No, so this is where you are getting signs confused. An overvalued dollar is
the same as having a trade deficit. Arguing to reduce that trade deficit is
the same as arguing for a weaker dollar. The argument goes "the dollar is too
strong and it should be weaker", not "you are saying the dollar is too strong
and then you want it weaker also?? How dare you ask for both!" When you make
these types of arguments, it worries me because it makes it sound like you
aren't groking that I am advocating for a cure to a disease.
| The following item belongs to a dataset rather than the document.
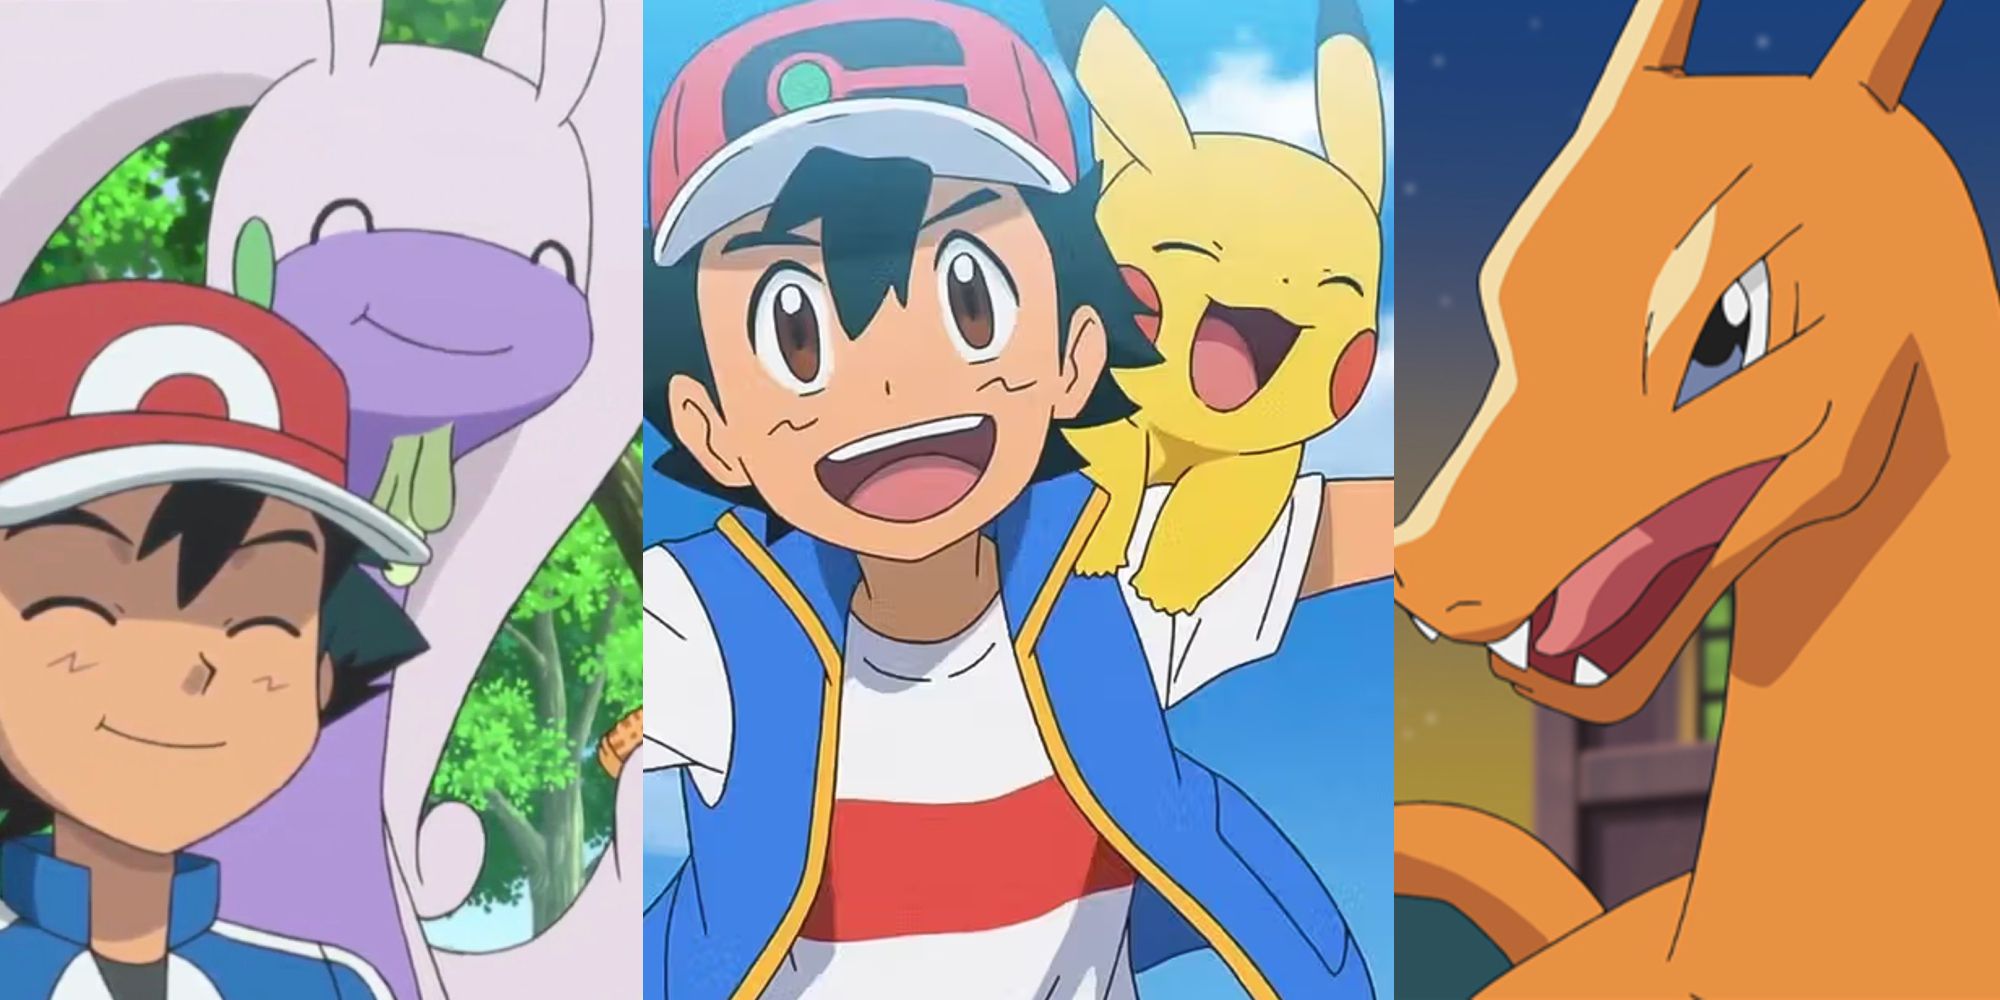 Ash's Pokemon Teams Throughout the Regions

> Your whole argument comes down to "the dollar is overvalued".

Well, I think my argument is explaining _why_ we have a stronger dollar --
because we have open capital markets while our trading partners do not. This
creates an asset demand for dollars that increases total demand for dollars
beyond that which would be consistent with balanced trade.
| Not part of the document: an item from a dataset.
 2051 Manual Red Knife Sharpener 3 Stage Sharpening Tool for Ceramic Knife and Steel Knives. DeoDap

> You are not going to mention the good things, so I will.

I guess I'm old school in thinking that any systemic distortion is a net harm.
For example, you may not realize this, but the strong dollar doesn't actually
allow us to consume more, because it reduces our income and forces government
benefit spending to bridge the gap. If you look at patterns of household
consumption, they have not gone up -- the big gain in consumption was higher
healthcare costs, but that's a price inflation thing. Basically those areas
that lose out to globalization end up receiving social security disability
dollar for dollar.

Next, the trade deficit is primarily offshoring, so instead of buying a wrench
made in the U.S., we are buying an american _branded_ wrench made in China.
How many chinese brands can you name? You are buying the same american
products, except they are no longer made here.
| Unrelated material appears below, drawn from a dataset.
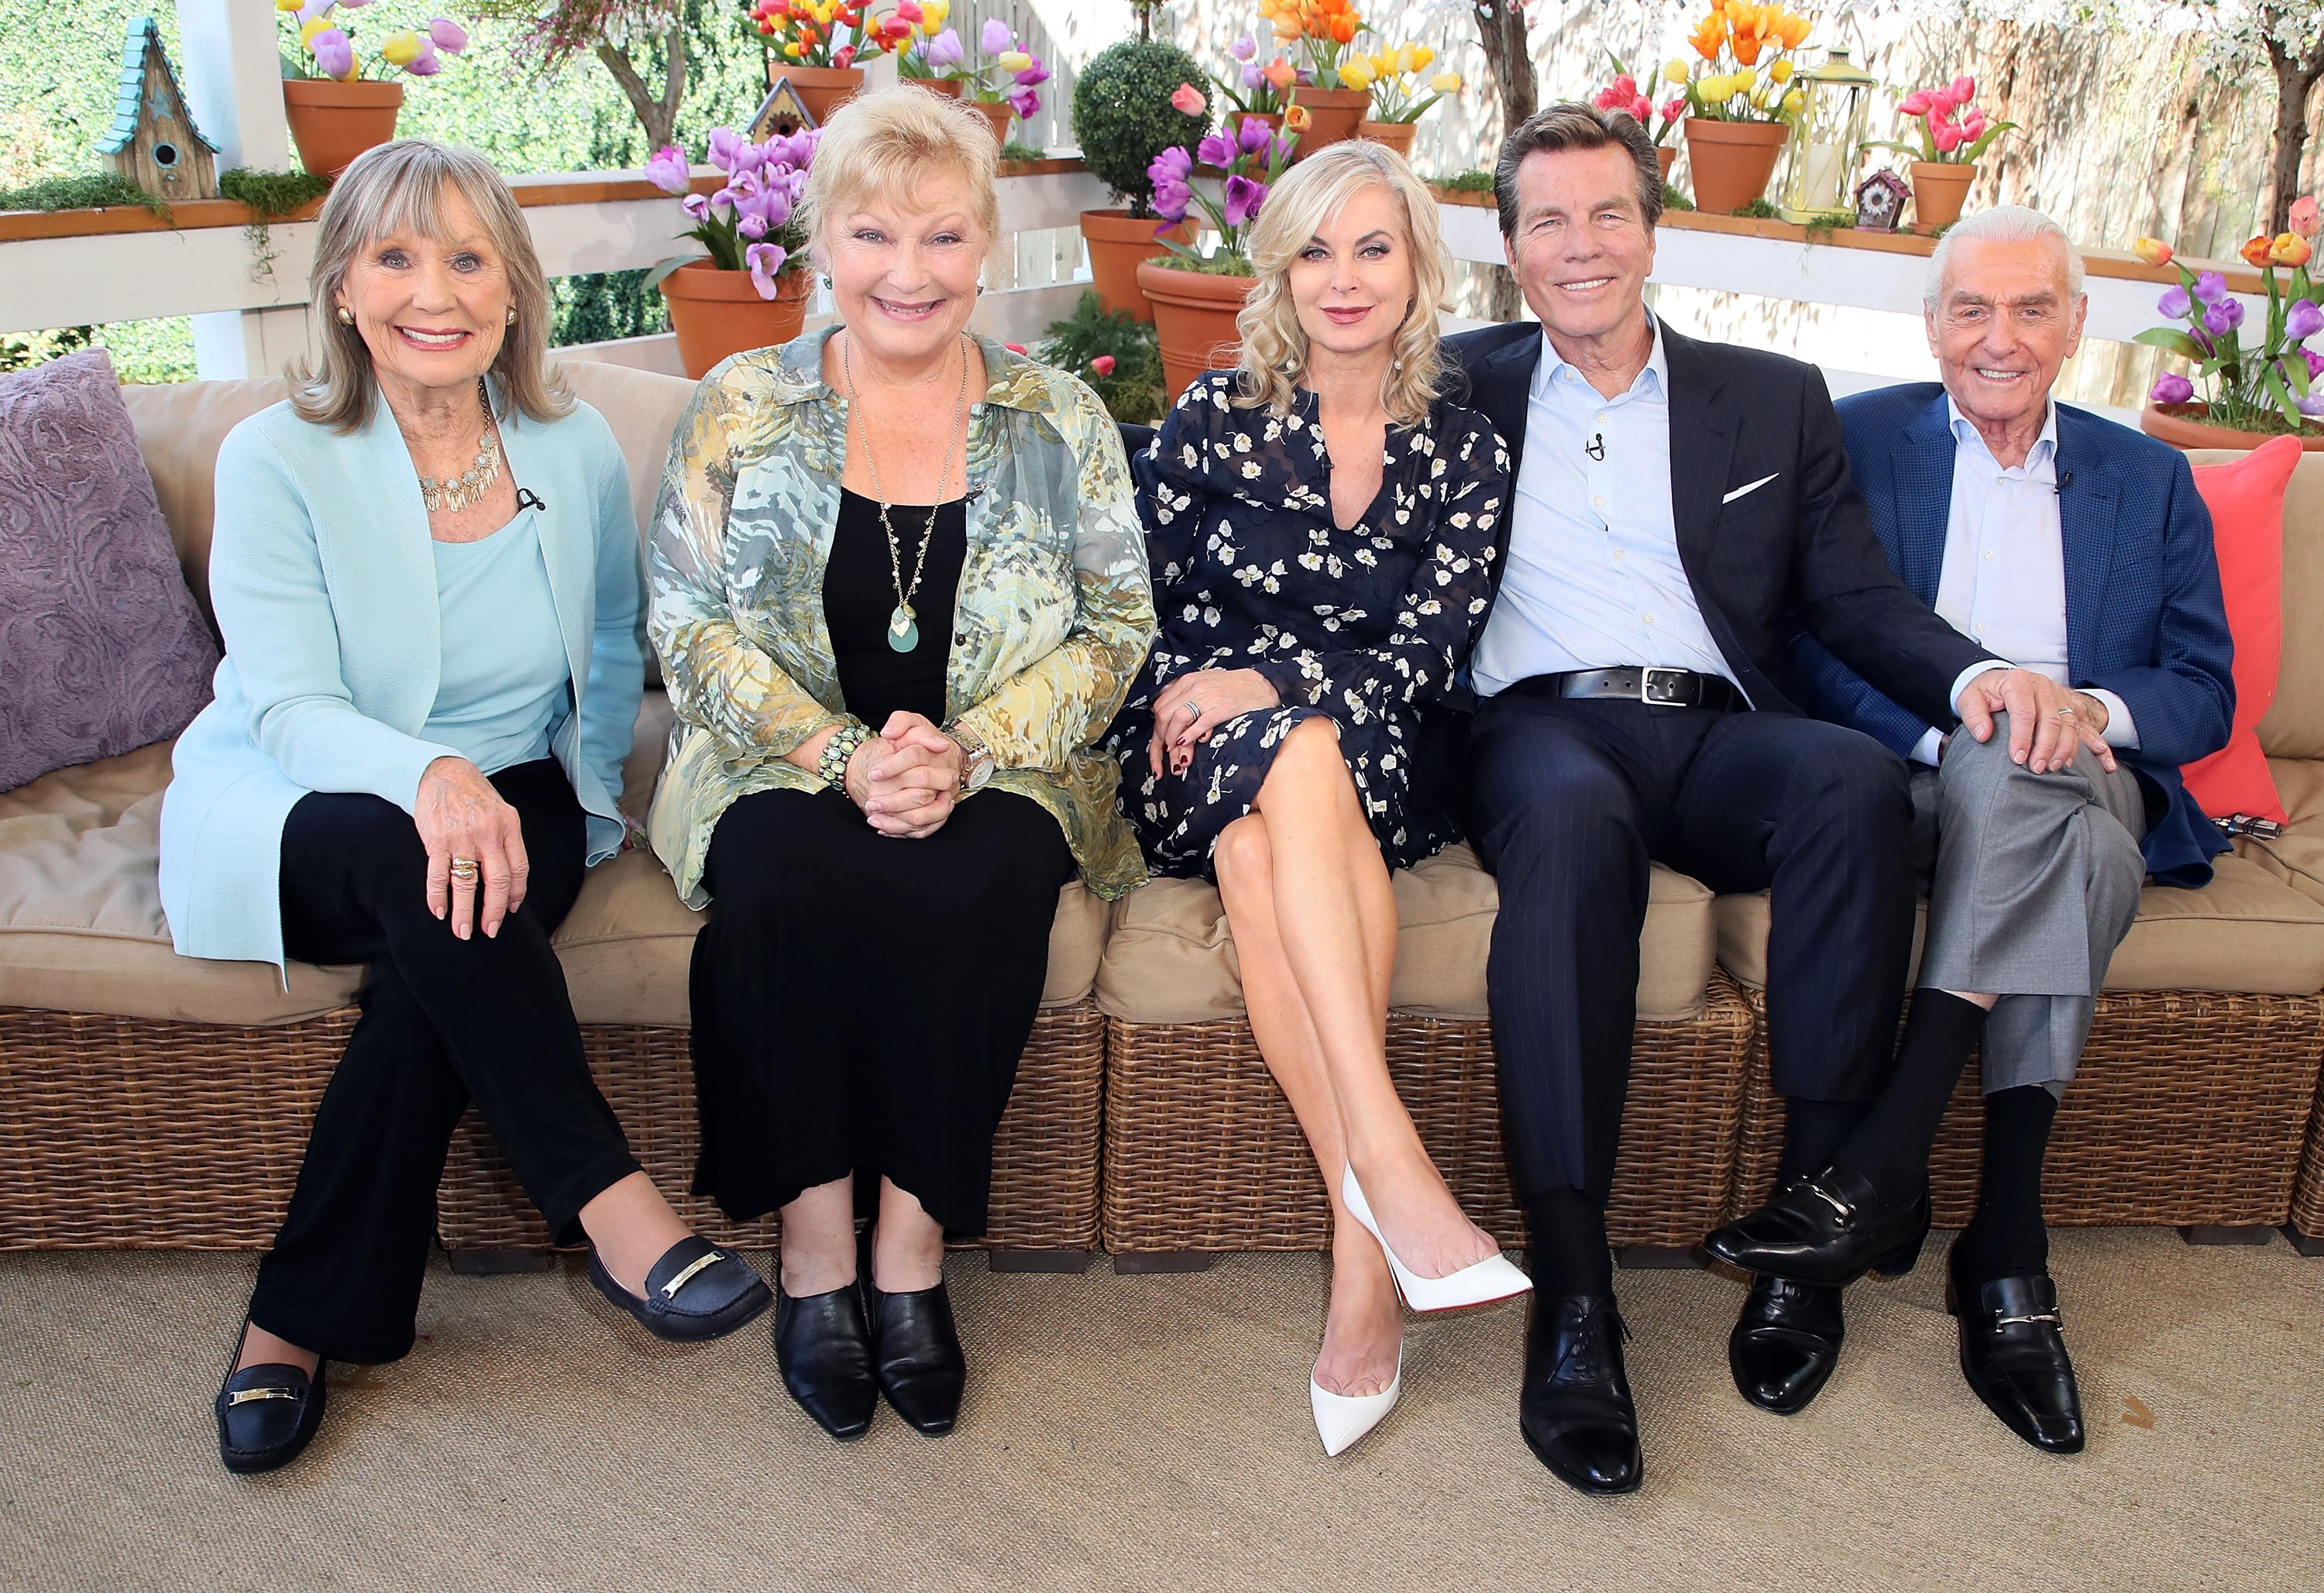 'The Young and the Restless' actors Marla Adams, Beth Maitland, Eileen Davidson, Peter Bergman, and Jerry Douglas

But, it's the same wrench, and in real terms it costs the same. We are not
getting an extra wrench, there is no "extra consumption" \-- there is just
loss of domestic production followed up with increased foreign purchases as
large numbers of formerly productive people drop out of the labor force and
rely on government assistance. We just stopped producing something
domestically and bought it overseas. It's not extra consumption.

How can we afford to buy it? Well, it's those extra government benefit
expenditures to make up for all the income lost, together with lower interest
rates from foreign demand for our assets and then we get asset bubbles as a
side effect. China, more than anyone else, was responsible for the great
recession.

That extra government debt also crowds out public spending on public goods --
take a look at our hollowed out cities. So, on net, we are not enjoying any
more consumption, rather the ability of our nation to produce is slowly being
dismantled and shipped overseas. That's an unmitigated bad.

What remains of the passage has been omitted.